With no surprise, the first round of the U.S.-China Strategic & Economic Dialogue didn’t bring any information about the dollar (it went below 1.42 EUR/USD yesterday).The United States will take measures to increase national saving as a share of GDP. The U.S. household saving rate has already risen sharply as a result of the crisis, contributing to a significant decline in the U.S. current account deficit, and the United States will adopt policies that will continue to encourage household saving.
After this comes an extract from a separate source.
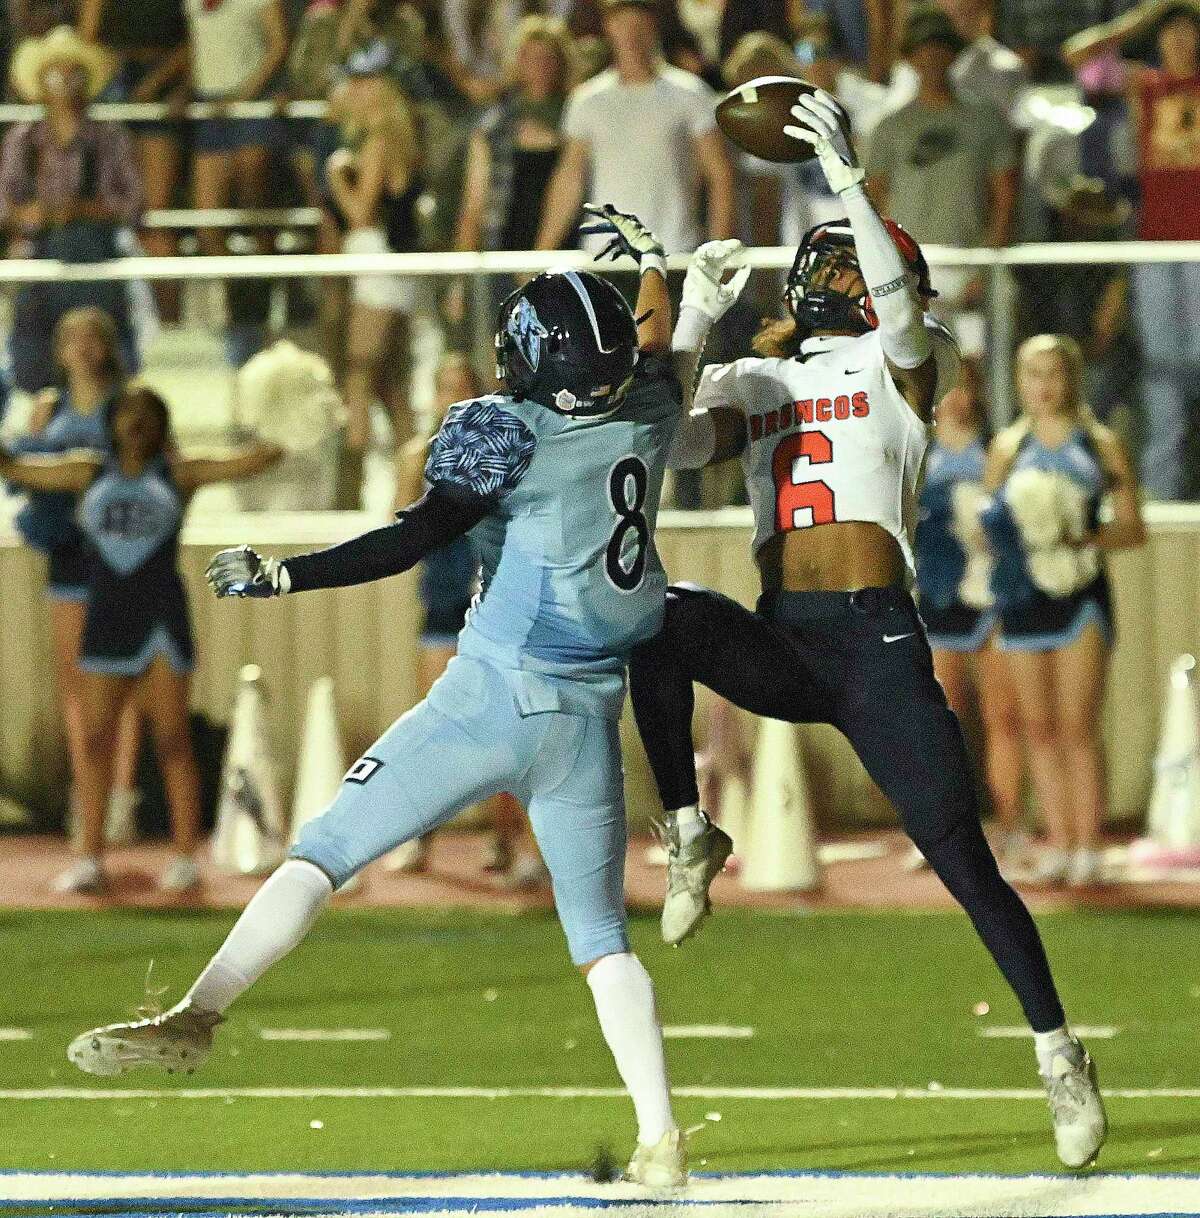 Johnson defender Shawn O’Gorman (8) breaks up an attempted touchdown pass to Brandeis receiver Jaden Perez (6) during high school football action at Comalander Stadium on Friday, Sept. 30, 2022.
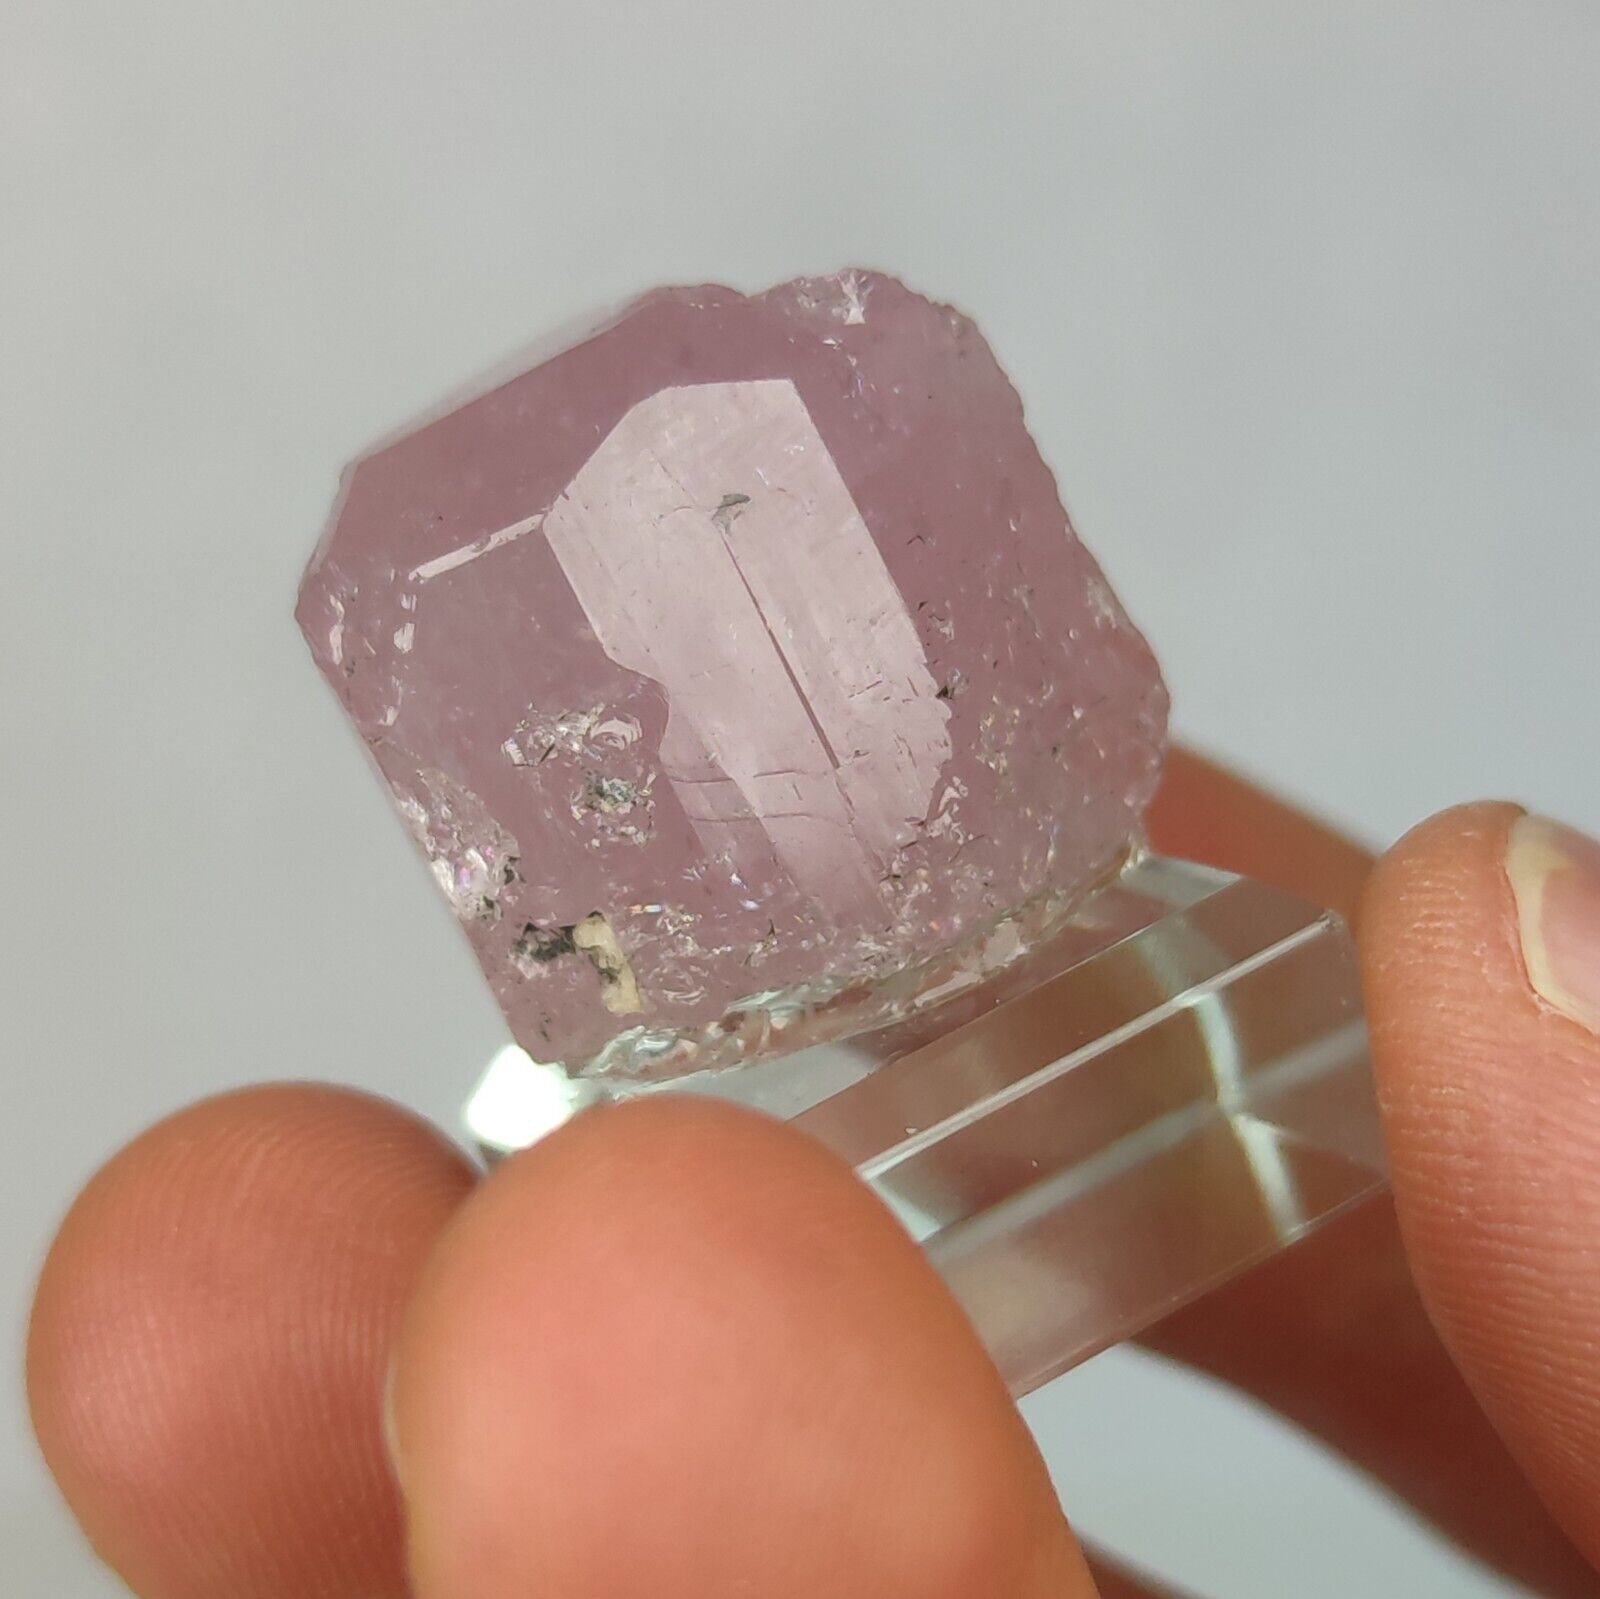 FLUORAPATITE CRYSTAL - HIGH QUALITY FROM BOYACÁ, COLOMBIA 50 Carats

The United States will also reform its health care system with the aim of controlling rising health care costs for businesses and government while assuring high-quality, affordable health care for all Americans, and is committed to reducing the federal budget deficit relative to GDP to a sustainable level by 2013. China will continue to implement structural and macroeconomic policies to stimulate domestic demand and increase the contribution of consumption to GDP growth. China will further enhance access in its service market and expand areas and channels for non-government investment, with a view to expedite the development of its services industry and increase the share of services in GDP. China will also deepen social safety net reform, including strengthening its basic old-age insurance system and enterprise annuities.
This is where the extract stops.